Cildanian Military OccupationKatā’ib takes over governmentBadaran auxiliary policeNovember 3973 - It has been two years since the Cildanian invasion of Badara, and throughout this time the Katā’ib was successful in expanding its effective control over most of the Badaran territory. Facing no other choice, the Ba'ath government was forced to accept the legality of the occupation, and in July last year the civilian government was dismissed and the Katā’ib took full control over the administration of Cildania's new province.

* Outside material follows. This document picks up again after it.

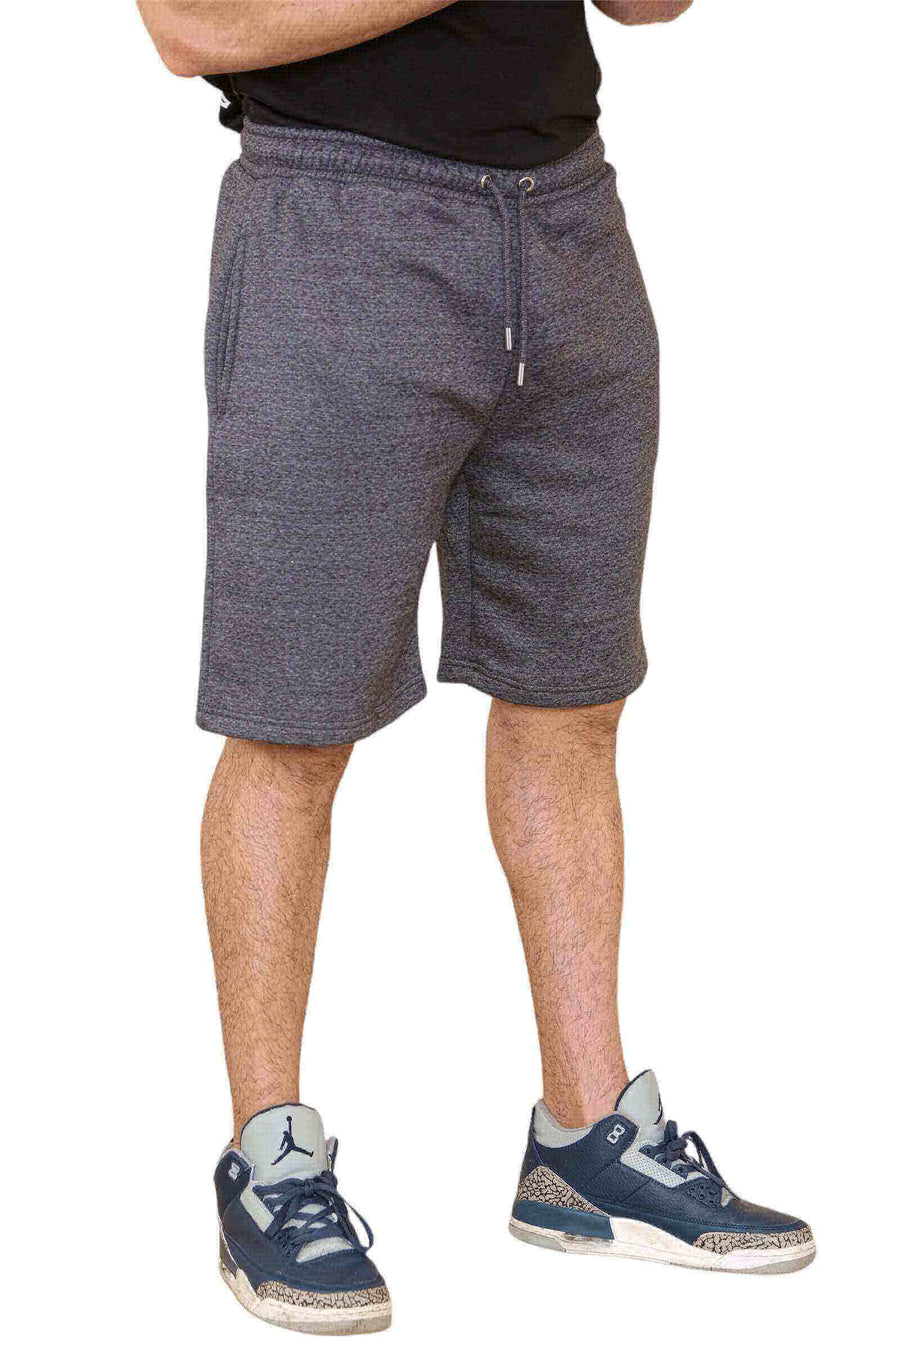 Left Side View of Men's Gym Shorts in Charcoal for Your Active Lifestyle

However, after more than a year of military administration, Badara proves much easier to conquer than it is to govern. Although most of the warlords and Ahmadist insurgents have been defeated, they still pose a significant challenge to the numerically small Katā’ib, who is now receiving much-needed training and supplies from Cildania's allies in Dorvik. And although Cildania insists that its occupation is legal and in the best interest of Badarans, famously
proclaiming it has no intentions to colonize or to spread Hosianism, Badaran reception has been lukewarm at best. Many are indeed happy that the warlords and Ahmadists are no longer major players in Badara, but few hide their contempt towards a foreign occupation they see as no different from the one in Kafuristan. And in spite of the Katā’ib's proclamations, only the most naïve fail to see the primarily self-serving character of the Cildanian invasion. Ever since the proclamation of the Ahmadi State, the chaos and violence on the islands has impacted Cildania (including the very notable moment of the Ahmadi State's attempted conquest of Cildania during the Civil War), while the neverending violence has led to an unstoppable stream of refugees, mostly Badaran Hosians, into Cildania. Moreover, Yugerten Baqar's regime hopes that, by putting an end to the century of violent persecution of Hosianism, it would regain the loyalty of its radical Apostolic constituents, who still remain one of the Baʿal's core supporters. Thus the Federal Republic hopes that, by stabilizing the Badaran islands, it would put an end to its own troubles and reinforce its legitimacy at home. Indeed, ever since the Katā’ib was granted its mandate to occupy Badara, Baʿal Baqar has enjoyed an unprecedentedly high approval rating, showing that Cildanians are eager to see their nation return to prominence after the humiliations of the Civil War.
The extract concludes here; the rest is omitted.